Multi-racial man without a country to call home.

Juan Carlos
Greater Boston, MA

If you look at me… I look Latino. Not tall, dark features – hair, eyes, skin, wide nose, full lips. If you ask me, my ancestry is African, Incan, Iberian, and Jewish. Those are the ones I know of. I grew up in New England, attending a catholic school in the ethnic part of town… and yet I was the only dark one in class. Kids are kids – they don’t care. I had friends who liked me because we liked Star Trek. I had kids that hated me because they were taught to hate anyone who isn’t like them. I have always felt like an immigrant, even though my Birth Certificate clearly states that I am a naturally born U.S. citizen. When I was older and shopping with friends on Newbury Street, the security guards would jump when I walked in, following me until I left. They would judge but never ever ask. I would have very happily explained who I was while waving my passport. The shockers came a little later still. First one: I traveled to Mexico, and after being out with my blond and blue-eyed American girlfriend, I was held at the Security Office of the Marriott Hotel I was staying in, because the front desk attendants did not believe that: 1) a “cholo” like myself had such a gorgeous blond blue-eyed woman at my side, 2) I was actually an American staying with her in the hotel, or 3) I actually resided legally in the U.S. She went up to our room, retrieved my passport at 3 a.m. while I sat in an office with the head of security who attempted to interview me in her broken English, told me she had studied in the U.S., and who refused to ask me or respond to any questions i asked her in perfect, accent-free Castilean.

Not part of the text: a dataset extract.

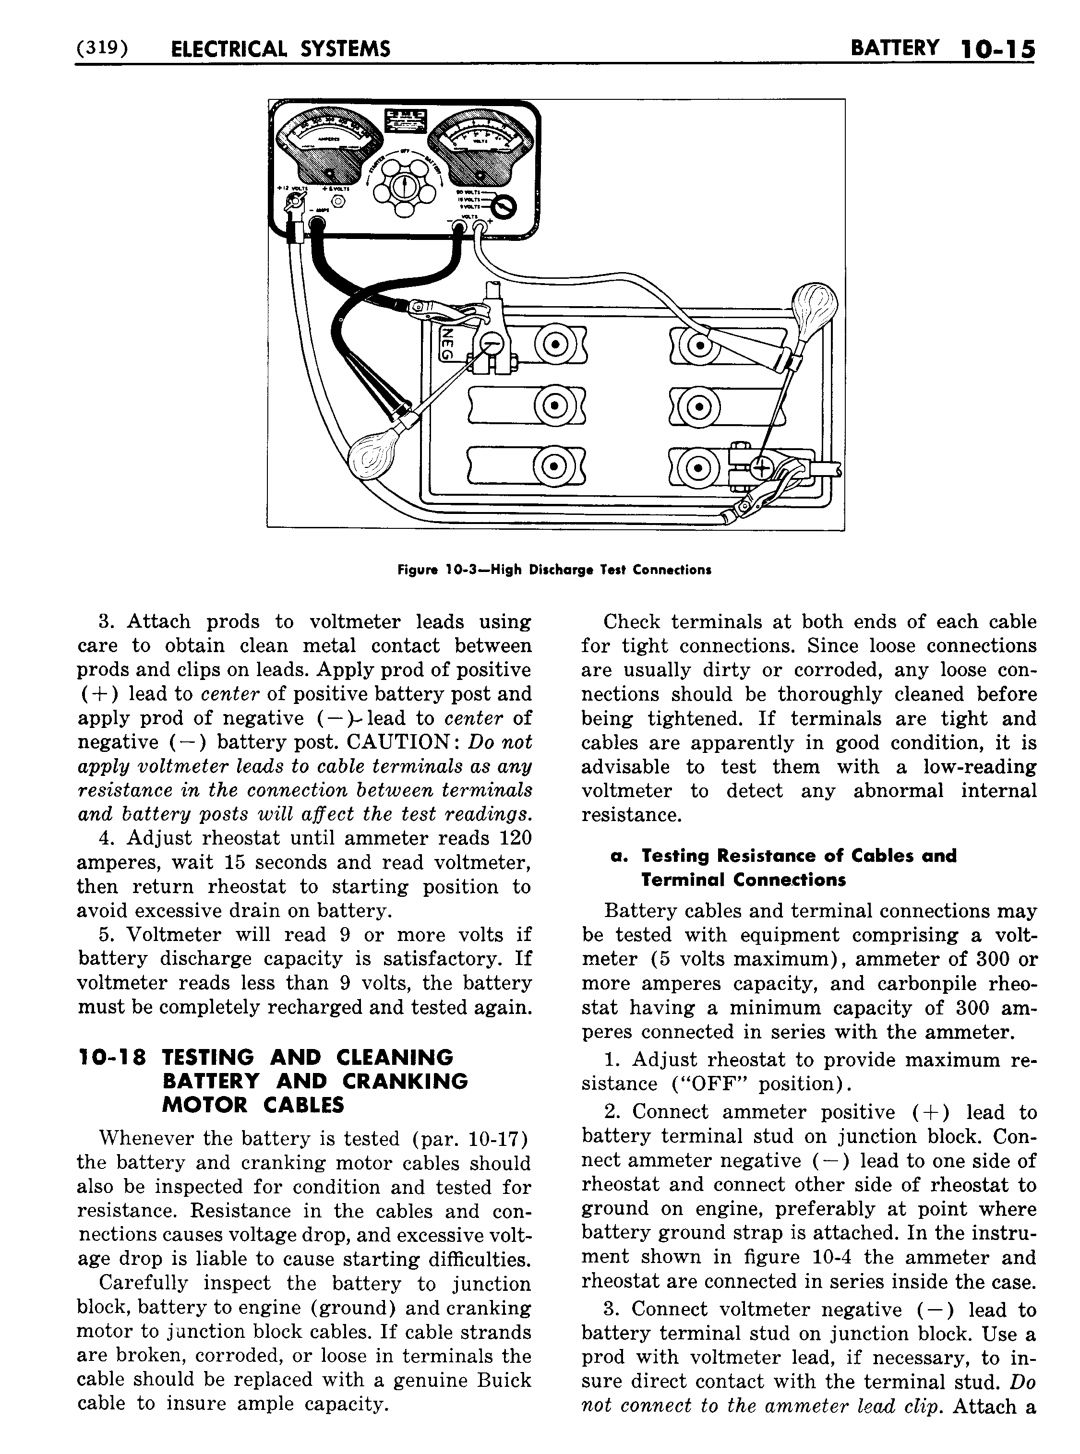 n_11 1955 Buick Shop Manual - Electrical Systems-015-015.jpg
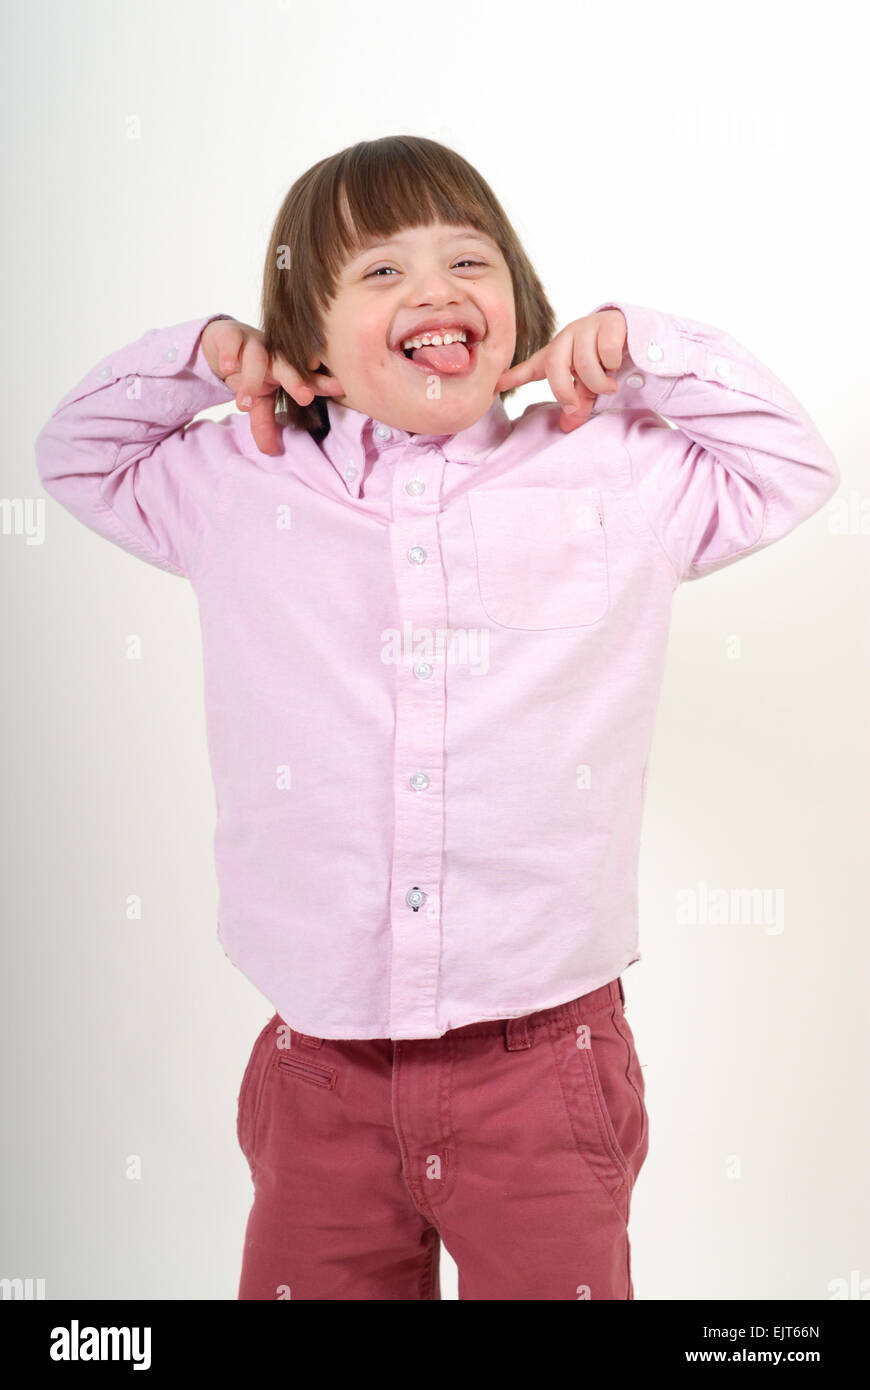 Boy with down syndrome being silly, isolated on white background. Stock Photo

They never apologized. Another time, I was with a gorgeous fair-skinned Jewish girlfriend in Adams Morgan in D.C. We stepped into a Central American restaurant and the waitress comes over to us to take our order. She proceeds to do the following: turns her back to my companion, addresses only me in Spanish, and pointing to her so that only the two of us can see asks: “…and what is the gringa having…?” I politely responded in perfect English- “You know what? I think we’re going to go somewhere else.” And we walked out.
Race issues are multi-faceted, and granted, I have not suffered anywhere near the indignancies, harm and/or assault many others have endured. But it strikes me now, as a middle-aged man, that this problem is perplexing because we each carry our own perception of what is “race” and what is appropriate “behavior” when dealing with race. I was insulted in a Latin American country because of being treated like I was “too good to be true” – an American traveling in a resort accompanied by a non-Latino woman. I was equally insulted in DC because I was perceived as “wasting my time and insulting our Latino women by cavorting with an “anglo” or “gringa” instead of being with my own kind. These are common, everyday type of situations. I won’t speak to the second-guessing or dismissive tones I hear from colleagues in my profession because I offer an opinion that I know to be sound and correct… only to see them come back after they’ve forum-shopped my advice to Caucasian-American advisors of the “right ilk” who repeat what I said originally and actually send them back to me for a further and more robust response to their issue. After nearly fifty years in the “liberal northeast” I am not home in either Latin America or in my native New England. I’m sometimes told I look Middle Eastern… maybe I should try my luck in Lebanon.